Intron-exon maps and genomic sequences
To perform more in-depth analysis of mismatch errors, Uniprot protein sequences were mapped to their transcript IDs in the Ensembl database (release 99) using the Uniprot Retrieve/ID mapping tool. For each transcript, the CDS and genomic sequence were retrieved, as well as intron and exon positions on the genomic sequence.
Mismatch characterization
For each potential mismatch error detected by SIBIS, the mismatch sequence segment was located on the exon/intron map, CDS and genomic region. To identify the potential causes of the mismatch error, nine features were defined and classified into three categories (Gene misprediction, False positive, Undetermined) as follows:
Evidence of a Gene prediction error involves five possible features:
- a low quality genomic sequence, containing ‘N’ characters indicating undetermined or ambiguous nucleotides (IUPAC nomenclature) probably caused by genome sequencing errors or assembly gaps,
- short introns in the primate sequence (<30 nucleotides),
- a mismatch coded by a single exon in human compared to >3 exons in the primate sequence,
- non-canonical splice sites (not GT/AG) in the human mismatch sequence,
- the presence of a small nucleotide insertion in the primate exon sequence causing a frameshift.
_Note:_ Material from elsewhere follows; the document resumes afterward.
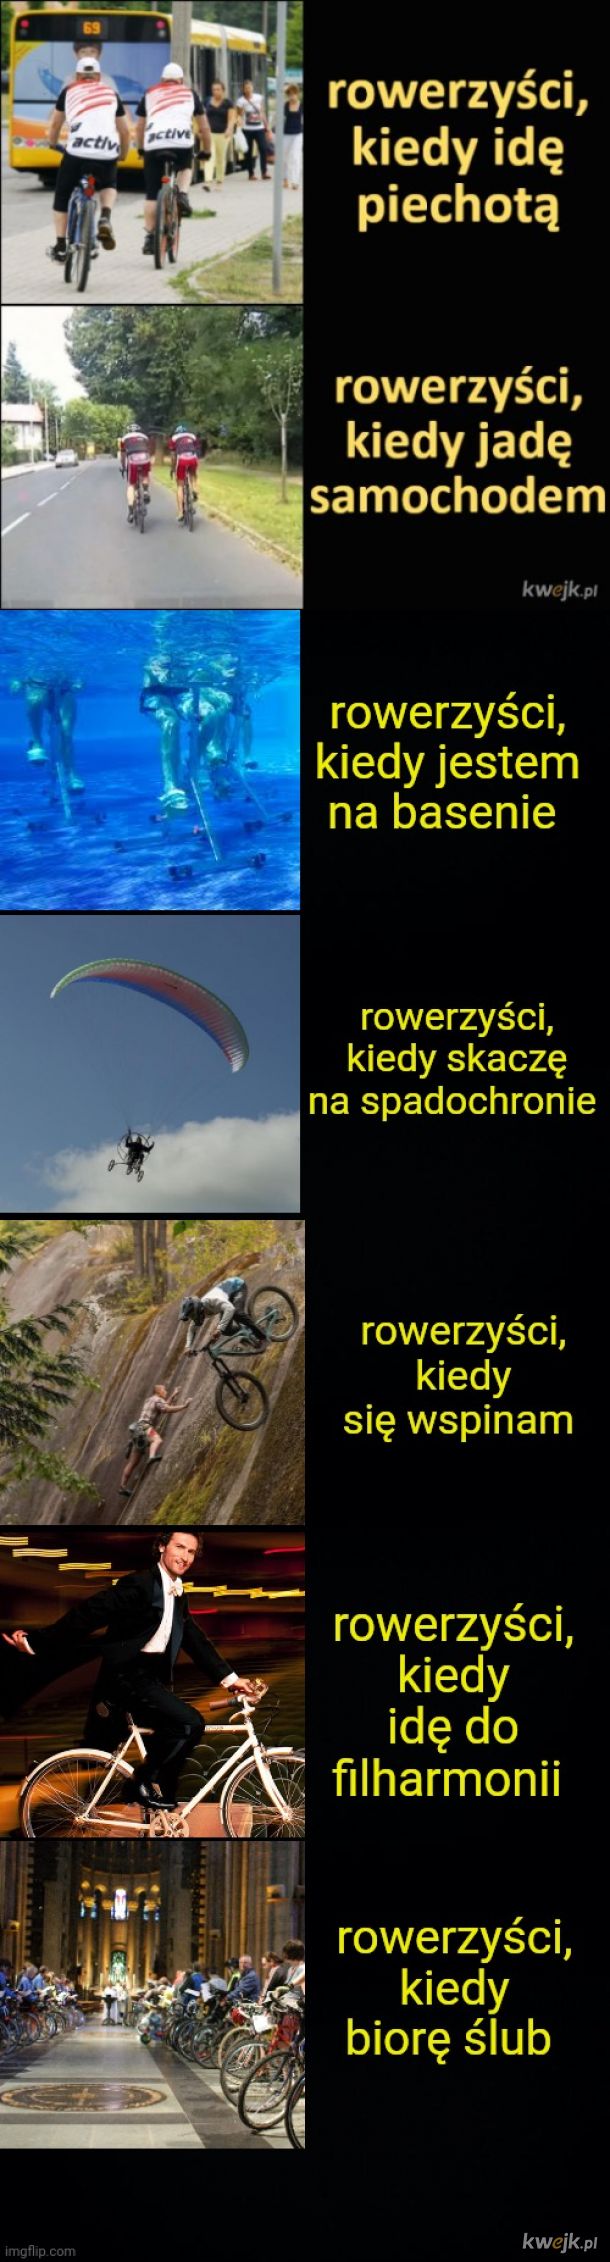 O--O rowerzyści kiedy wpisuje tytuł mema

Evidence that the detected mismatch is in fact a False positive (i.e. the mismatch is due to inaccuracies in the quality control protocol) involves three possible features:
- the existence of alternative human isoform in the Ensembl database that does not generate a mismatch at that position,
- MSA alignment errors,
- mismatches in a sequence region with repeats.
The mismatch was characterized as Undetermined if one feature was detected, namely that the same mismatch is identified in four or more primates in the MSA, or a mixture of Gene misprediction and False positive evidence was identified.
Mismatch error correction protocol
For the mismatch errors classified as gene mispredictions, a simple protocol was implemented to try to improve the quality of the protein sequence. Given a primate protein sequence with a mismatch error compared to the human sequence, the error correction protocol involves four steps (outlined in Fig. 2) as follows:
- Using the human sequence segment as a query, perform a TBLASTN search in the primate genomic region corresponding to the transcript.
- If a hit is found with an e-value <0.001 and sequence identity >80%, it is inserted into the primate transcript as a new exon.
- Verify the integrity of the new transcript, by checking for overlapping or inverted exons, frameshifts and stop codons in the inserted sequence.
- Create a new CDS and protein sequence.
To estimate the quality of the new protein sequence, the modified primate sequence was realigned with the human reference protein. Two scores were used to evaluate the quality of the primate sequences:
- Percent sequence identity I was defined as I = i/N×100, where i is the number of identical amino acids in the alignment and N is the total number of non-gap positions in the alignment.
- Percent sequence coverage C was defined as C = N/Ntot×100, where N is the number of non-gap positions in the alignment and Ntotis the total length of the alignment.
Implementation
The analyses were performed using an Sqlite3 database, in-house bash and Python (version 2.7) scripts, and numpy (numpy.org), pandas (pandas.pydata.org) and matplotlib (matplotlib.org) Python libraries. The Biopython (biopython.org) package was used to perform pairwise alignments during the mismatch characterization step. To retrieve large amounts of data from the Ensembl database, the grequests (pypi.org) package was used to perform asynchronous application programming interface (API) requests. The Json (www.json.org) library was used to process Ensembl API output.